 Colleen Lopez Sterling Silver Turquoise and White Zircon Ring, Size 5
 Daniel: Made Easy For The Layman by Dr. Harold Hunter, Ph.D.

════════

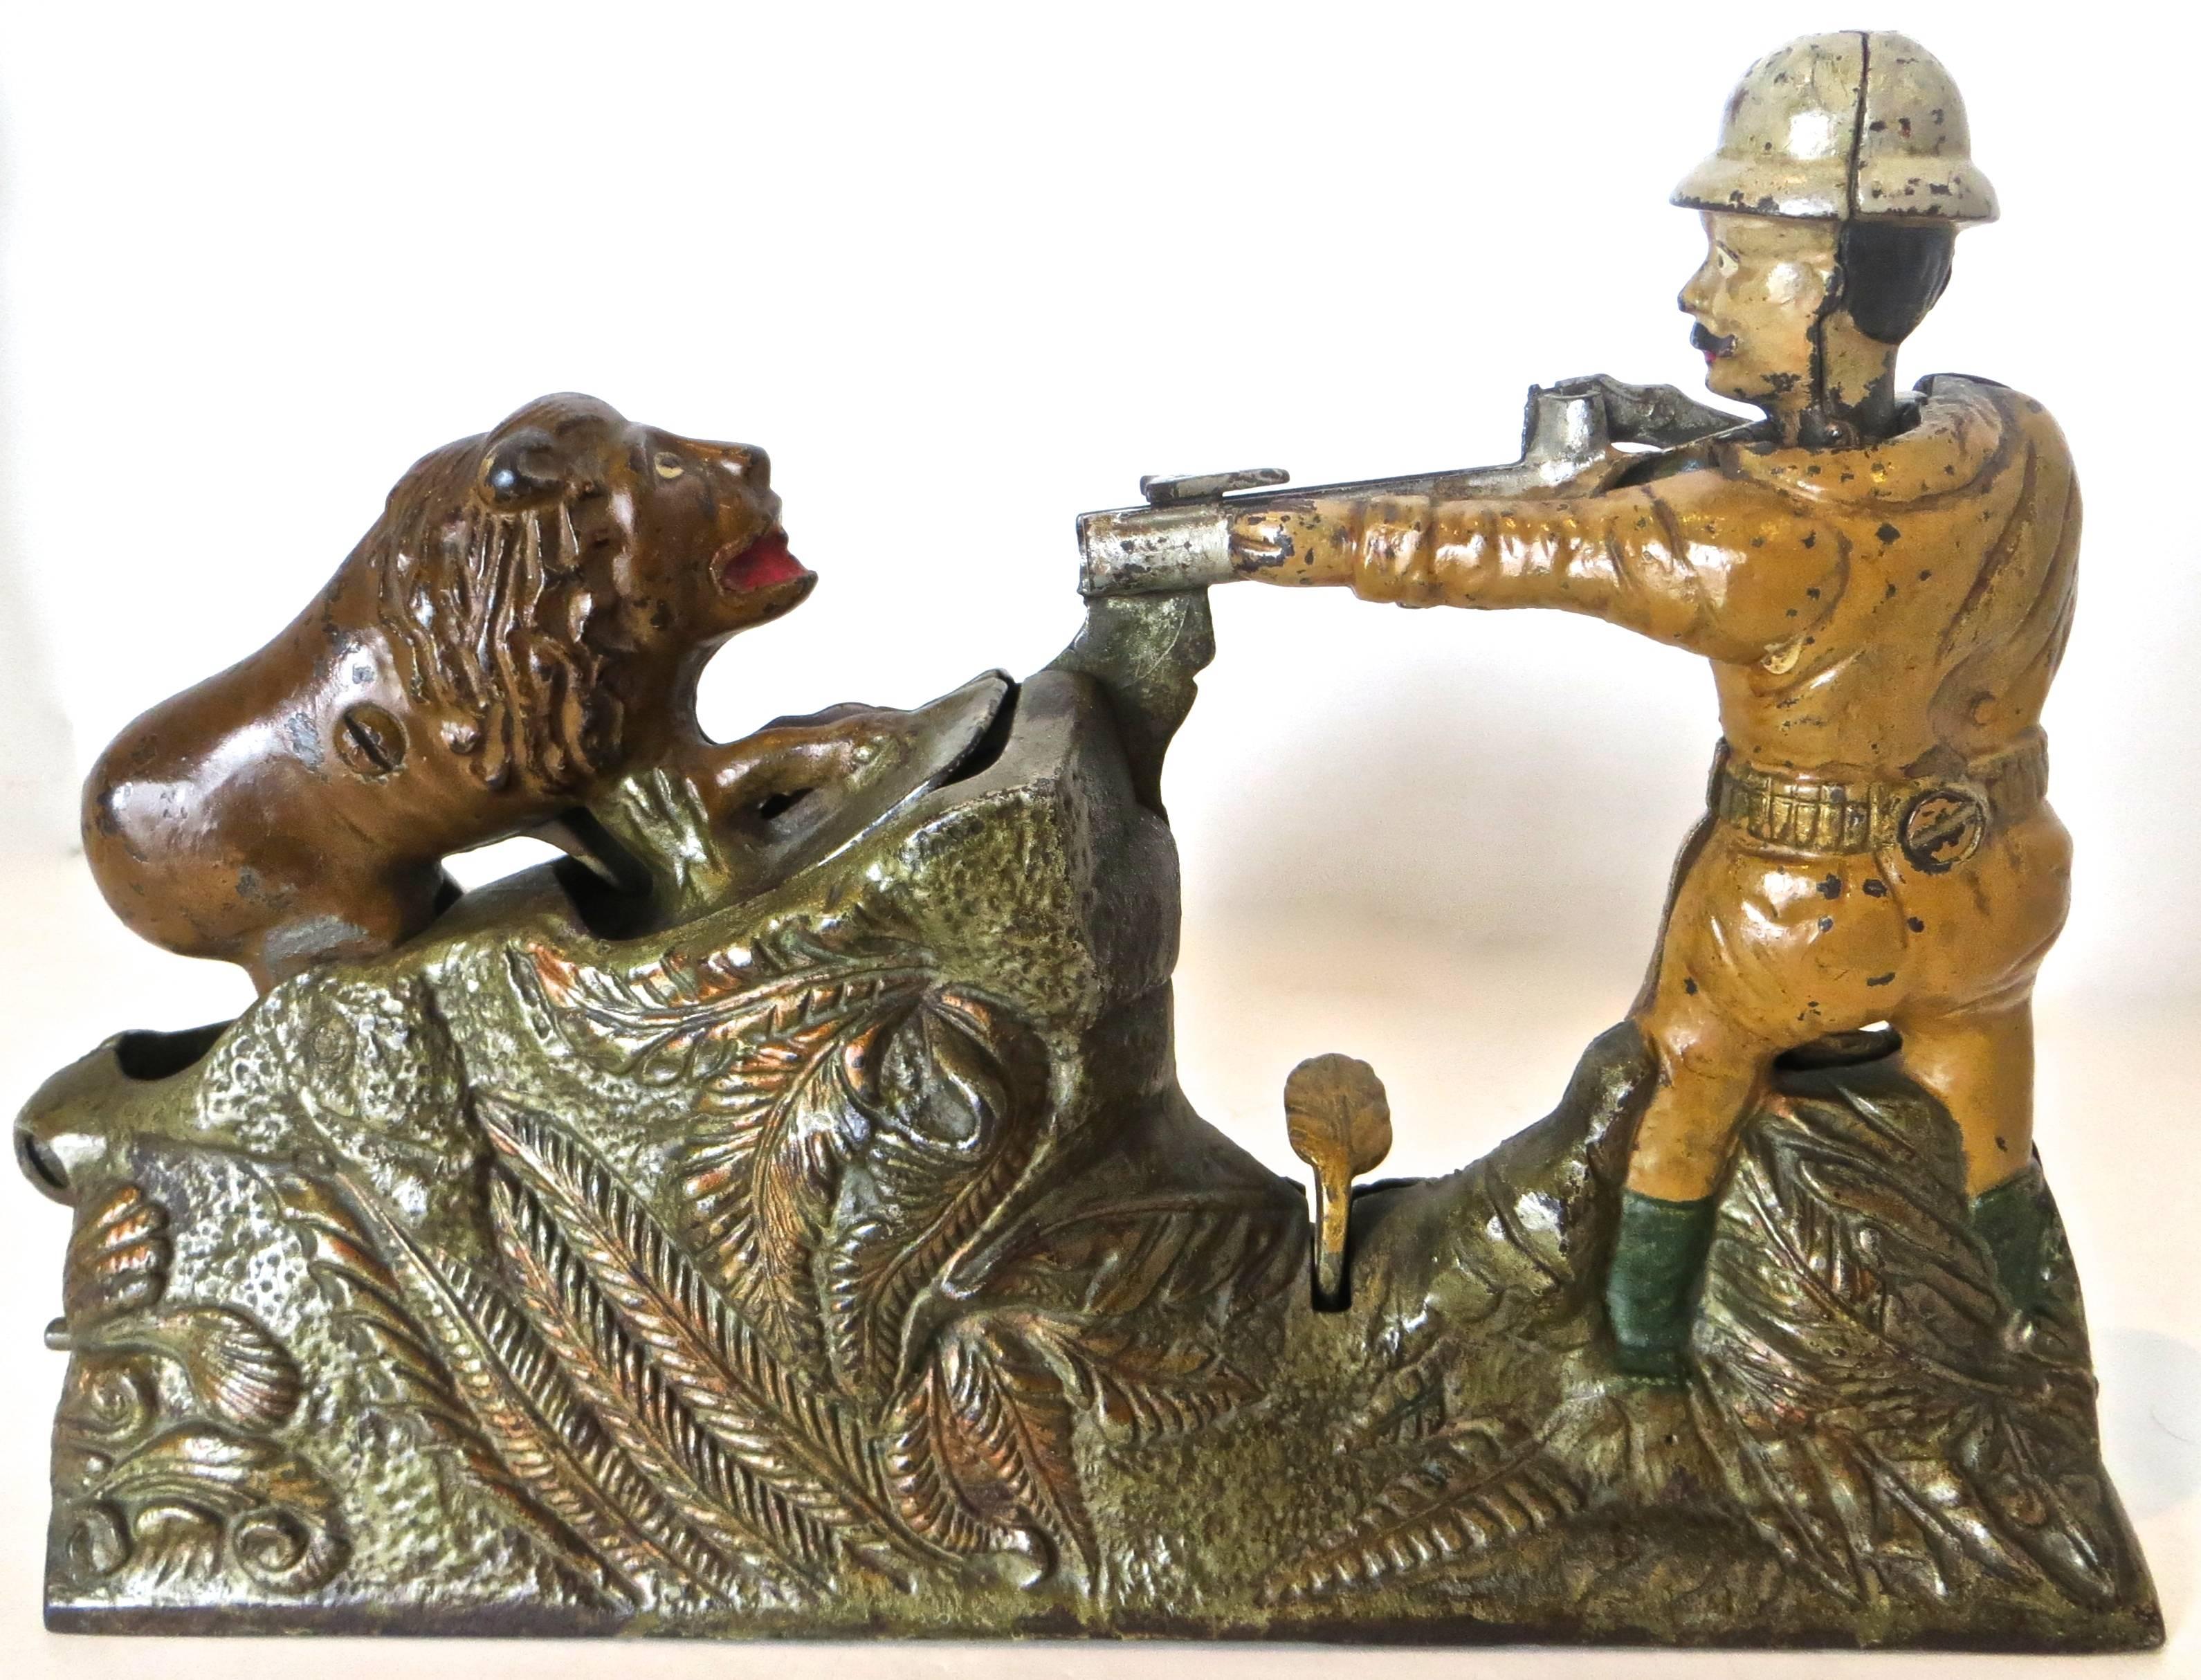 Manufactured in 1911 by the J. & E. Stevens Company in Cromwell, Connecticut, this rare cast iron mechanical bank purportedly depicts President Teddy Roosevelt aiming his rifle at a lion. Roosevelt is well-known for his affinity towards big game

════════

Lines to set down from above: the line with "Colleen Lopez Sterling", the line with "Daniel: Made Easy", and every line between, each exactly as written.

 Colleen Lopez Sterling Silver Turquoise and White Zircon Ring, Size 5
 Daniel: Made Easy For The Layman by Dr. Harold Hunter, Ph.D.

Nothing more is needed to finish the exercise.